Weighted-Fair Queue on the SPSC Bridge
Each Data Plane core has a request ring buffer. To prevent one database from saturating an entire core, requests are scheduled via deficit round-robin (DRR) weighted by priority_class:
criticaldatabases get first pick each scheduling cyclestandarddatabases get nextbulkdatabases get the remainder
If one database saturates its share of the core, it throttles only its own writes. Co-resident databases stay responsive.
Document Cache — Per-Database Allocation
The in-memory document cache is shared across all databases proportional to their cache_weight:
-- This database gets 10x the cache share of others
ALTER DATABASE hot_reads SET QUOTA (cache_weight = 10);
When the cache fills, NodeDB evicts entries from the database with the highest current-vs-weight overshoot. A hot database cannot evict a cold database below its proportional fair share.
Background Task Budget
Maintenance tasks (vector HNSW link cleanup, graph edge sweeps, timeseries segment compaction, array tile compaction, FTS LSM compaction) are CPU-hungry. Each database has a quota on how much core time maintenance can consume per minute:
ALTER DATABASE large_vector_search SET QUOTA (maintenance_cpu_pct = 50); -- 50% of core time
The scheduler tracks CPU-seconds spent in maintenance per database per minute. Tasks over-cap are deferred to the next window. This prevents one database's compaction from starving interactive queries in another.

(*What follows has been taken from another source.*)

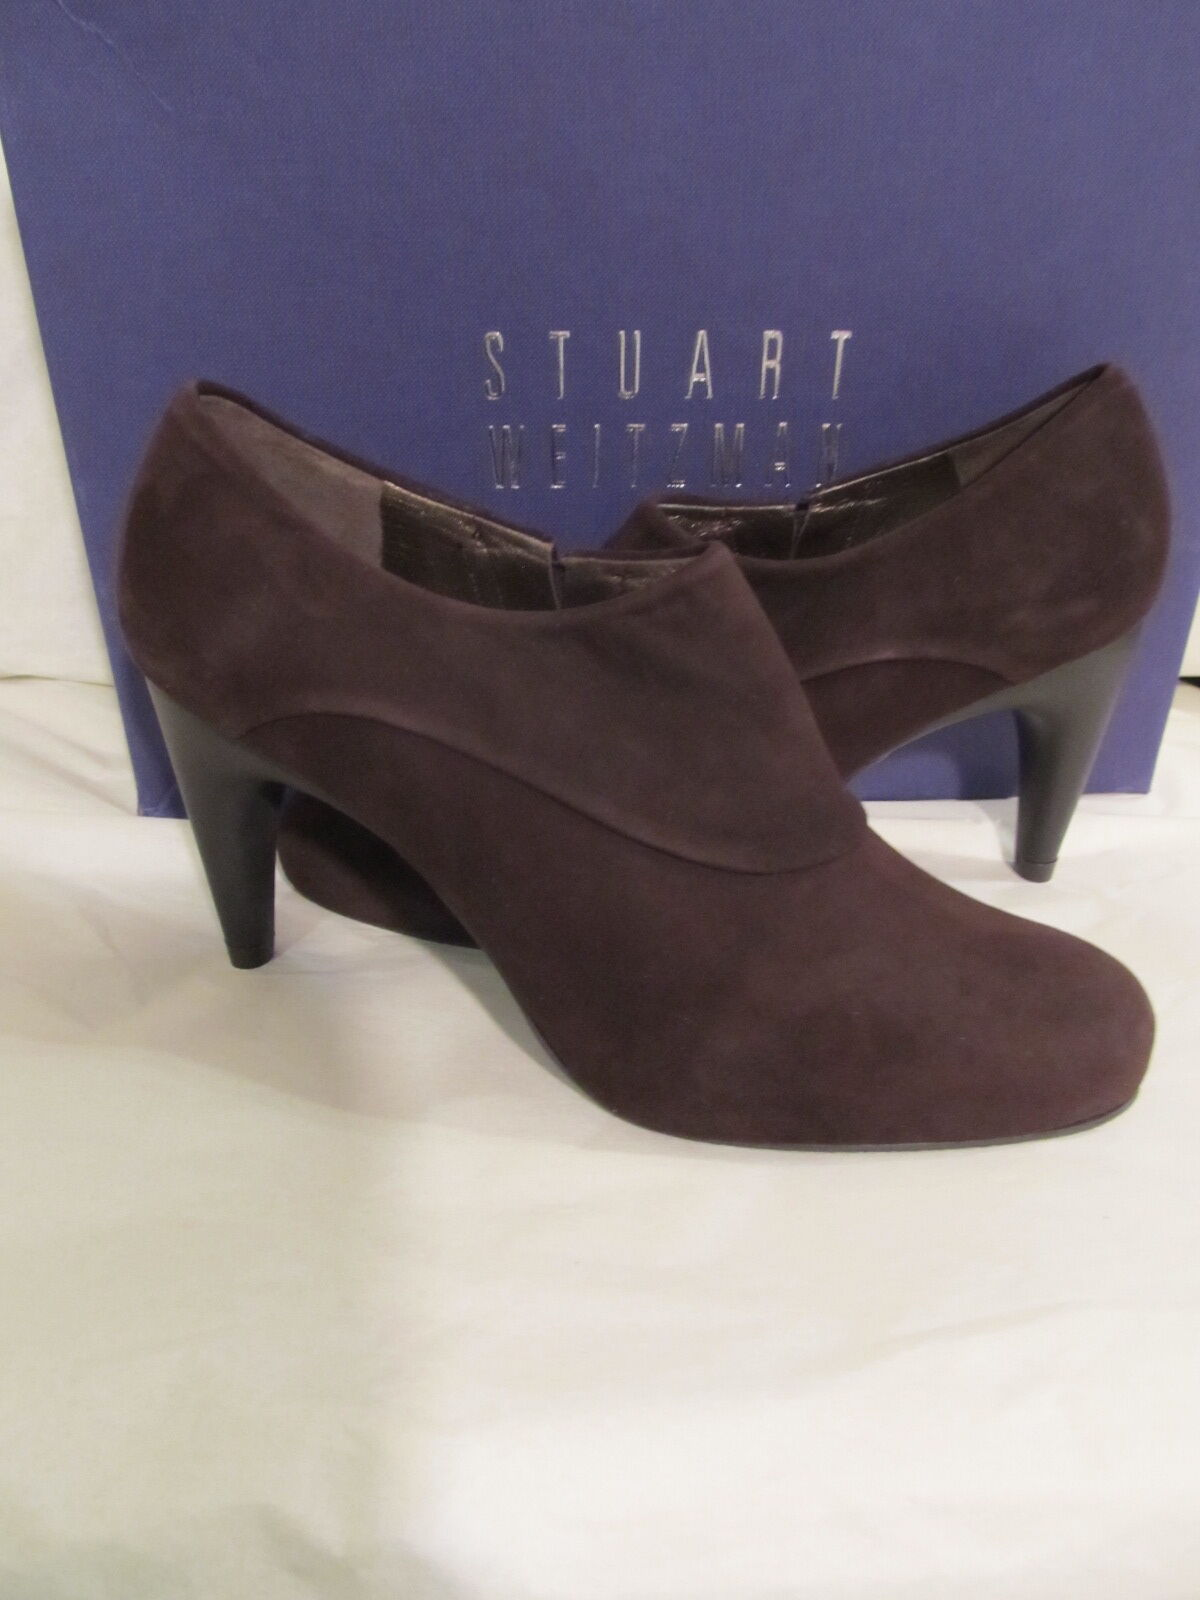 Stuart Weitzman para mujer Talla Talla Talla 7.5 elegante Cola Gamuza Marrón Botines Zapatos Tacón Alto 7461c2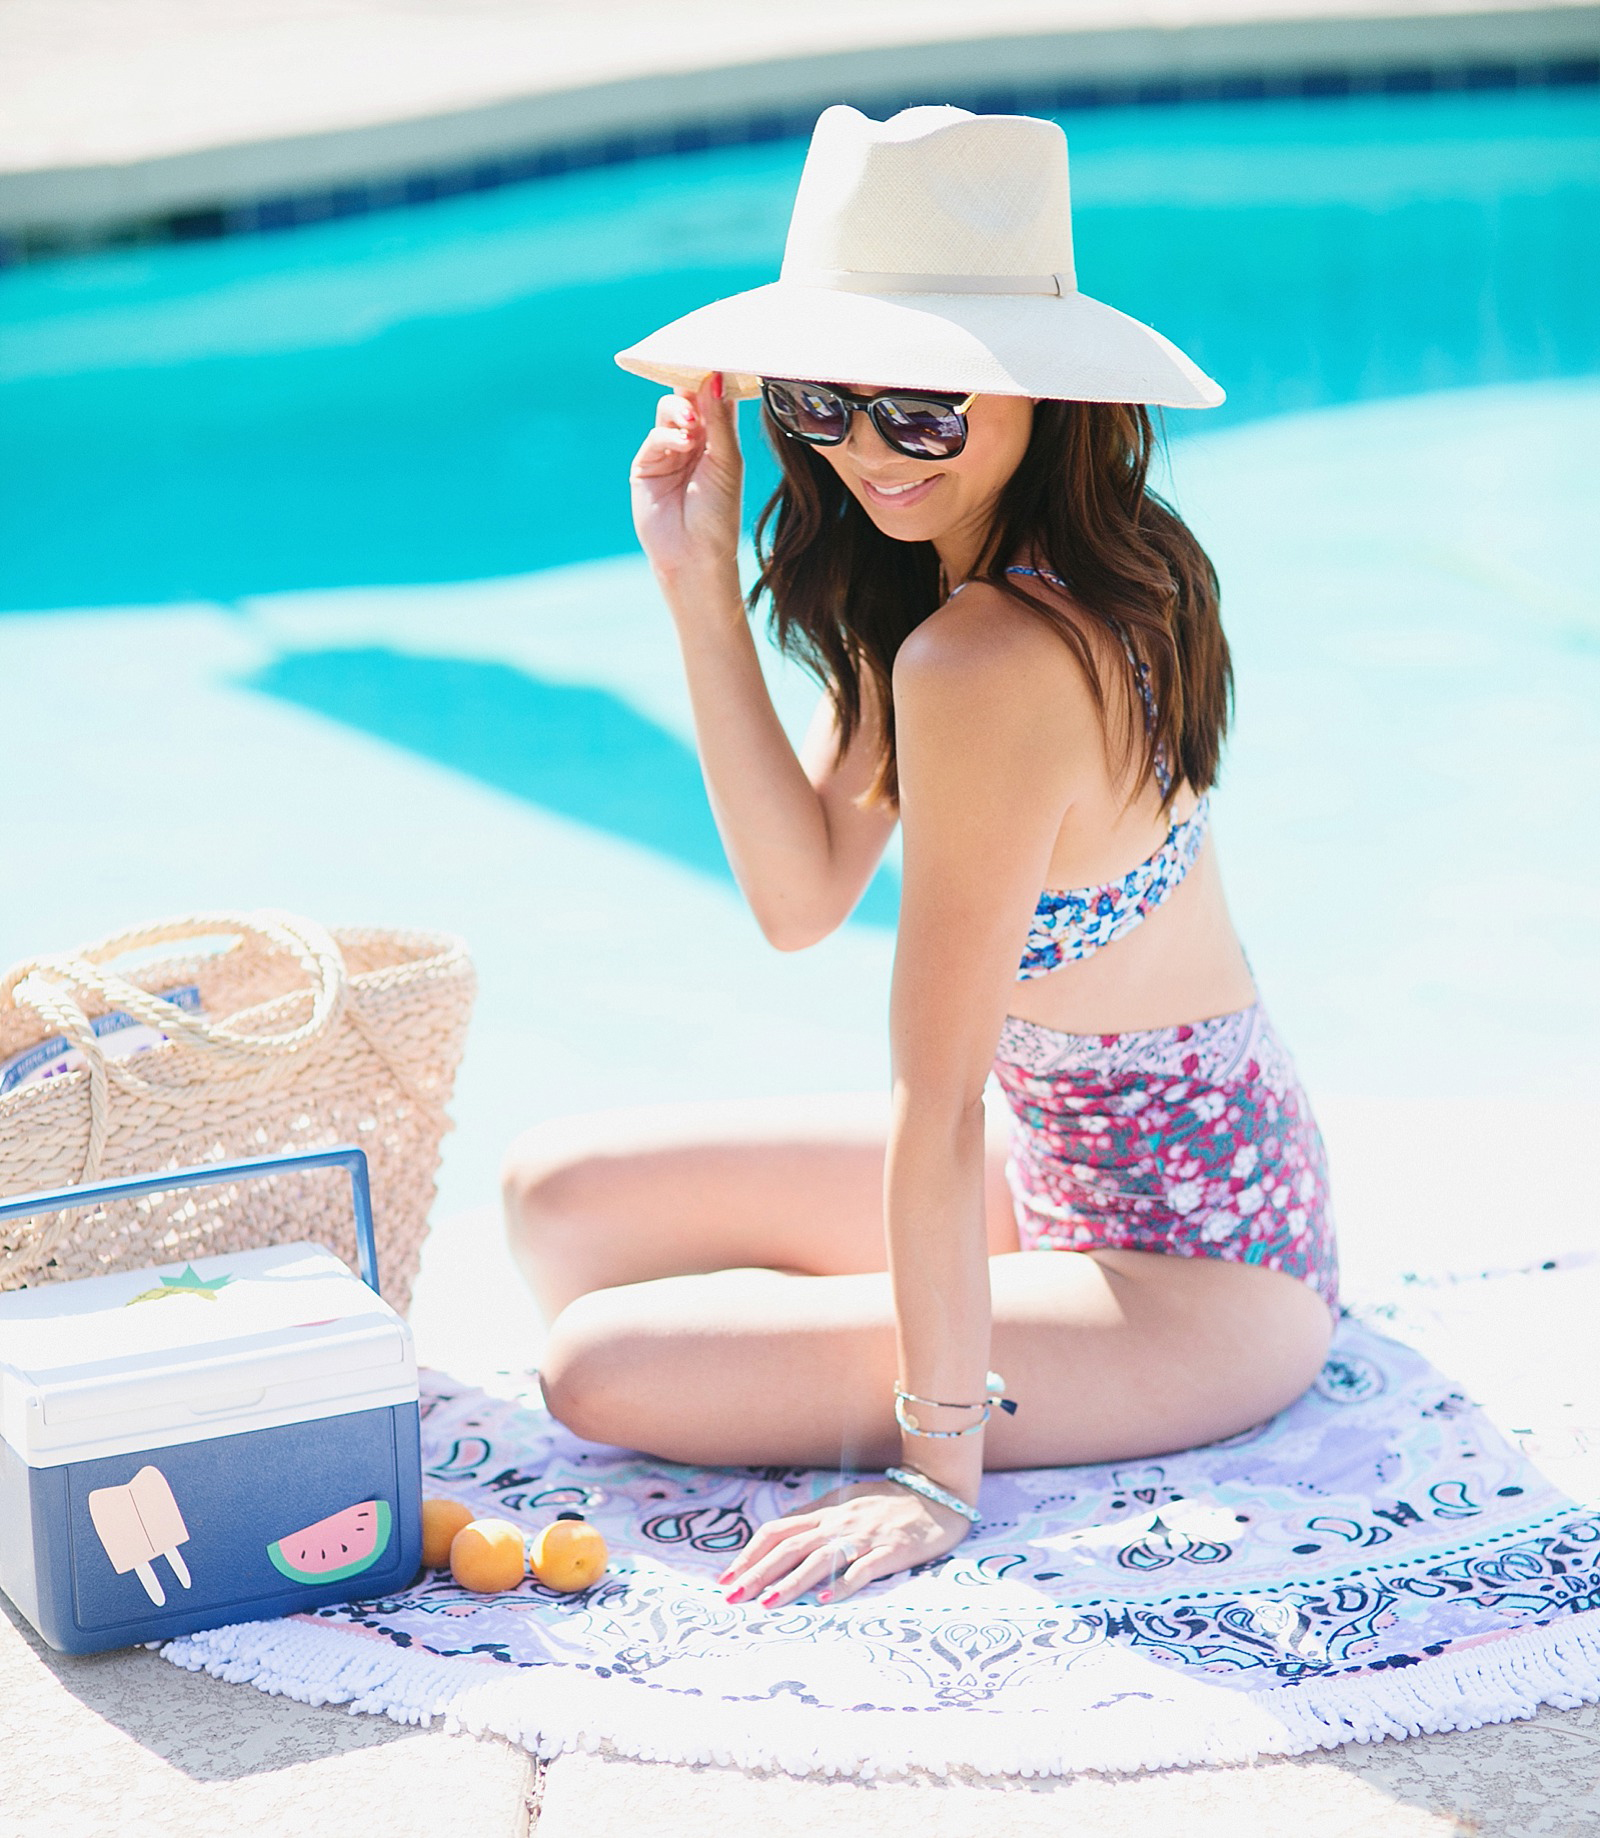 weight-watchers-pool-ready-summer-photoshoot-pool-shoot-model-lifestyle-blogger-arizona-phoenix-diana-elizabeth-blog-_00431

Hierarchical Rate Limiting
Requests are bucketed at four scopes (most-specific first; first to deny wins):
user:{user_id} → org:{org_id} → tenant:{tenant_id} → database:{database_id}
The database bucket has capacity equal to max_qps. A request hitting any bucket's rate limit returns DATABASE_QUOTA_EXCEEDED or TENANT_QUOTA_EXCEEDED depending on which bucket triggered.
Error Codes
Quota enforcement produces these errors:
| Error | Trigger |
TENANT_QUOTA_EXCEEDED | Tenant rate limit or concurrency exhausted |
DATABASE_QUOTA_EXCEEDED | Database rate limit or concurrency exhausted |
SERVER_OVERLOAD | Global cluster backpressure (queue > 95%) |
QUOTA_OVERCOMMIT | Sum of tenant quotas > database quota (or database > global) |
TENANT_VECTOR_DIM_EXCEEDED | Vector dimension exceeds tenant max_vector_dim |
TENANT_GRAPH_DEPTH_EXCEEDED | Graph traversal depth exceeds tenant max_graph_depth |
See error codes reference for full details.
Metrics and Observability
All quota-related metrics are labeled by database and (where applicable) tenant:
| Metric | Type | Labels |
nodedb_database_qps | gauge | database="..." |
nodedb_database_memory_bytes | gauge | database="..." |
nodedb_database_storage_bytes | gauge | database="..." |
nodedb_database_active_connections | gauge | database="..." |
nodedb_database_bridge_queue_depth | gauge | database="..." |
nodedb_database_wal_commit_latency_p99 | histogram | database="..." |
nodedb_database_maintenance_cpu_seconds | counter | database="..." |
nodedb_tenant_qps | gauge | database="...", tenant="..." |
nodedb_tenant_memory_bytes | gauge | database="...", tenant="..." |
nodedb_tenant_storage_bytes | gauge | database="...", tenant="..." |
Scrape your Prometheus instance for these metrics and alert on _p99 latency growth or queue depth > 85%.